Looking at the reloading tables makes me immediately think to myself "Go for the 7.5" barrel!"  Just look at these numbers!

300 Grain XTP Bullet, loaded with 27.6gr of charge will travel at 1168 feet per second.  At the max of 28gr of powder, it could possibly hit 1700 fps.  Going with something more conservative, like a 250 grain Barnes X bullet will net you 1725 fps with 27.5gr of charge.  Loading it up hot can get it over 1785 fps.  That's one fast moving, really heavy bullet!  Even the lightweight 185gr XTP will go 2001 fps with a starting charge of 26.6gr.  Loaded up to its max, the potential is an out of this world 2159 feet per second... from a pistol!  At this speed, it's knocking on the back door of a 150 grain 30-30 round.  Yes, a 185gr 454 from a pistol can get going as fast as a 150 grain 30-30... from a rifle!  Amazing!
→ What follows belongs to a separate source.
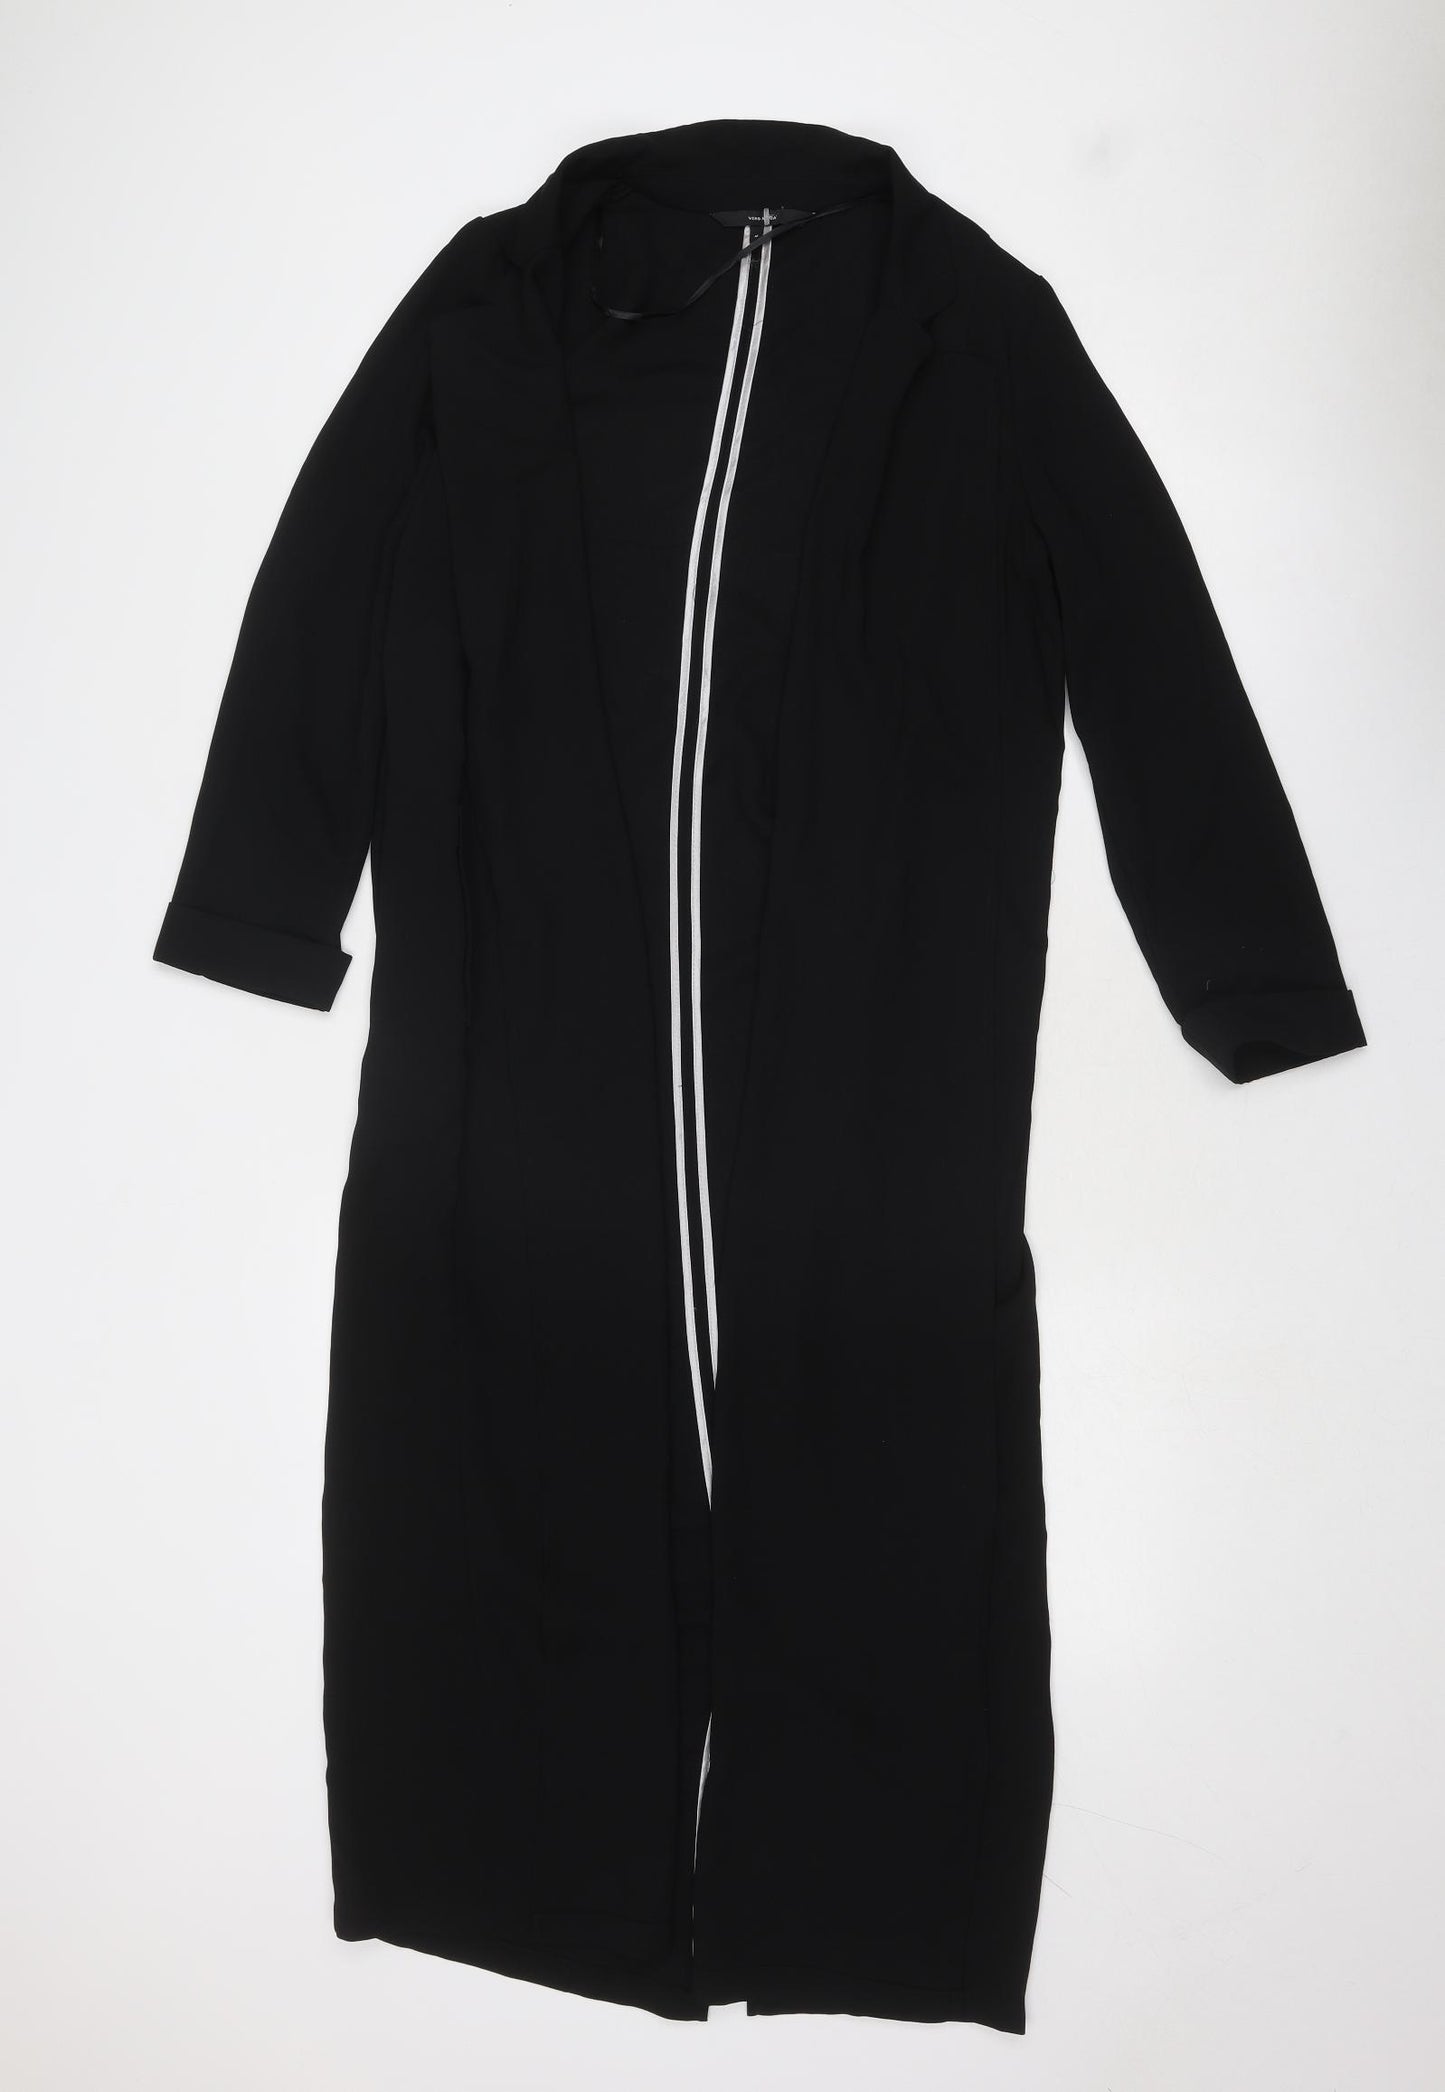 Vera Moda Womens Black Overcoat Jacket Size M

The shorter, 2.5" barrel on the Alaskan won't be able to match the speed and power from its longer barreled cousin, but consider that there is only a 10% reduction in speed (and 20% reduction in energy) from a gun that has had its barrel cut down by over 60%.  That's not a bad trade for a gun that is a bit more convenient to carry than the long barrel version.

And this gun will be for carry.  The Redhawk Alaskan was designed for the exact purpose I want; carry.  I'm not planning on concealed carrying this firearm.  This is for the outdoors, when I'm in the deep woods, where my chances of running into large wild critters is more likely than running into another human.  This fact, however, does not dissuade me, however, from getting the 7.5" barreled version of the gun, as anything can be carried if you plan it right.  Holster choice makes a huge difference and will play a large role in determining which gun I decide on.

All in all, either one of these guns is a worthy prize, worthy of the Century Club Challenge.  As I continue to research these firearms, I will eventually come to a conclusion as to which will be best suited for me.